如何从日期字符串确定适当的strftime格式? [英] How to determine appropriate strftime format from a date string?

查看:65
本文介绍了如何从日期字符串确定适当的strftime格式?的处理方法,对大家解决问题具有一定的参考价值,需要的朋友们下面随着小编来一起学习吧!

问题描述

dateutil 解析器在正确猜测各种来源的日期和时间方面做得很好。

The dateutil parser does a great job of correctly guessing the date and time from a wide variety of sources.

我们正在处理文件,其中每个文件仅使用一种日期/时间格式,但是文件之间的格式有所不同。分析显示 dateutil.parser.parse 使用了很多时间。由于每个文件只需确定一次,因此执行每次都不会猜测格式的操作可以加快速度。

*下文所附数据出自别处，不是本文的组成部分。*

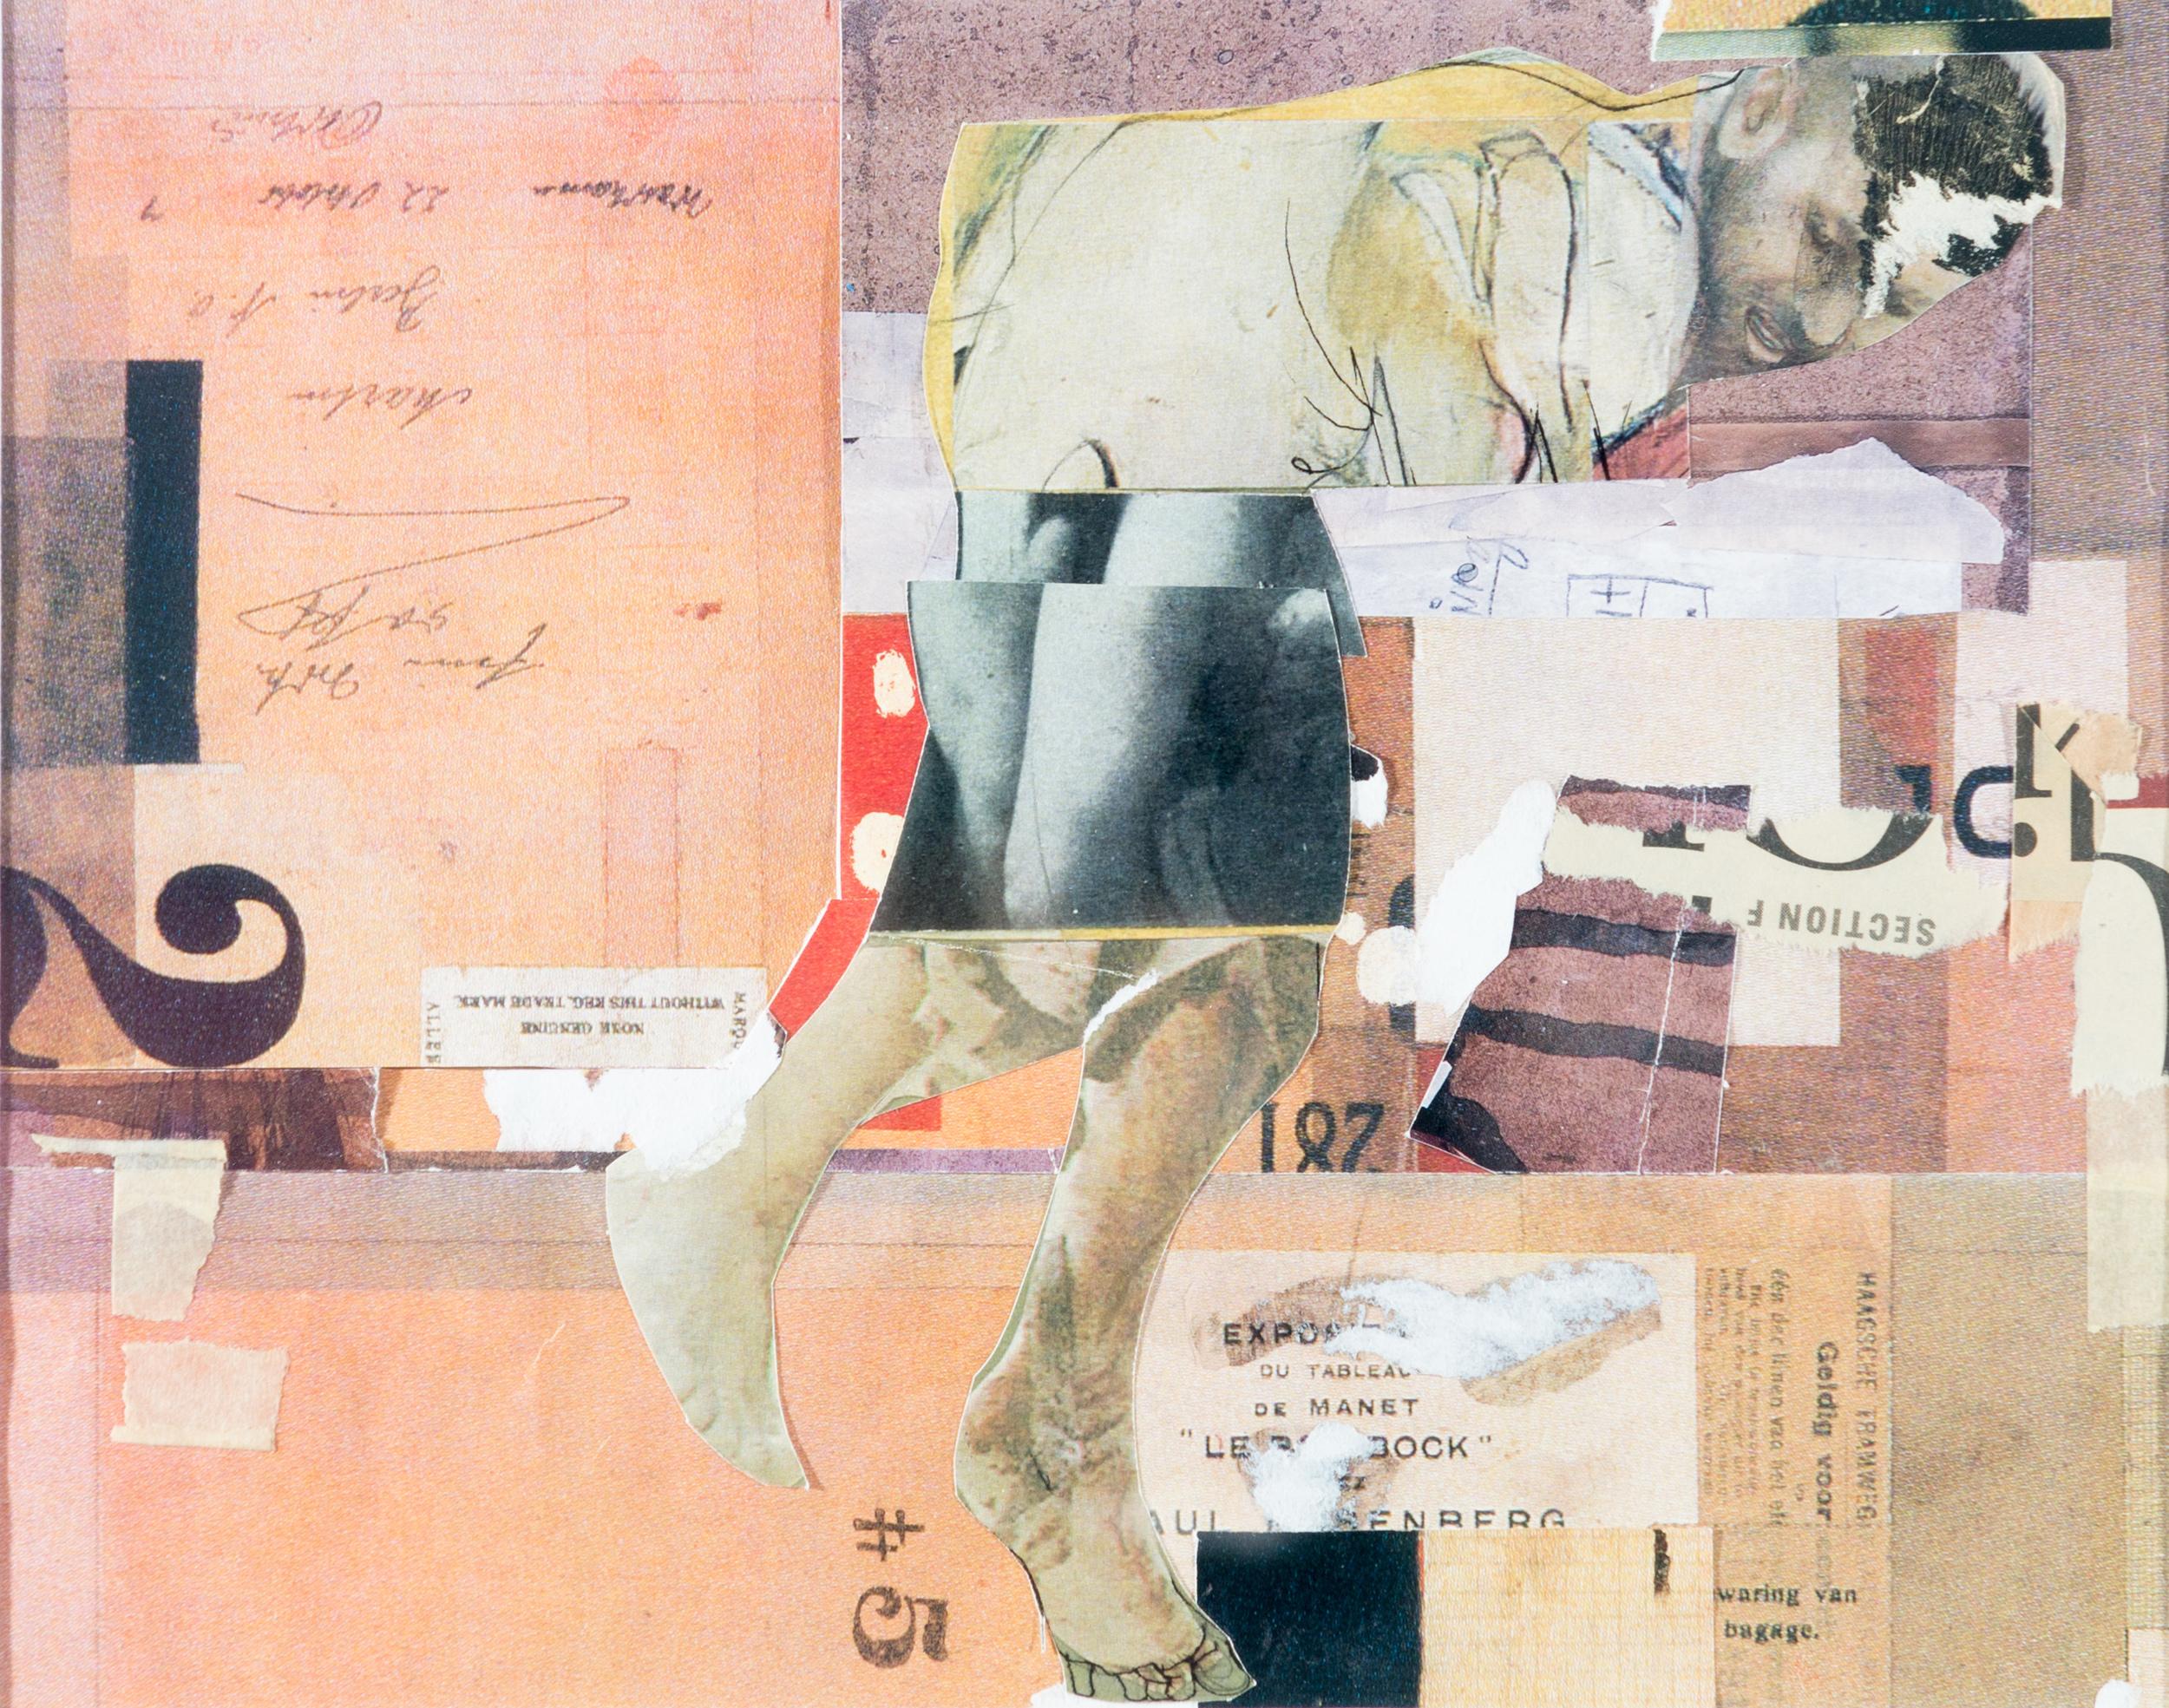 TL-045, Self portrait flying backwards, coloured pencil and ink on toned paper, 16.75 x 12.75 (framed), 2015, $375

We are processing files in which each file uses only one date/time format, but the format varies between files. Profiling shows a lot of time being used by dateutil.parser.parse. Since it only needs to be determined once per file, implementing something that isn't guessing the format each time could speed things up.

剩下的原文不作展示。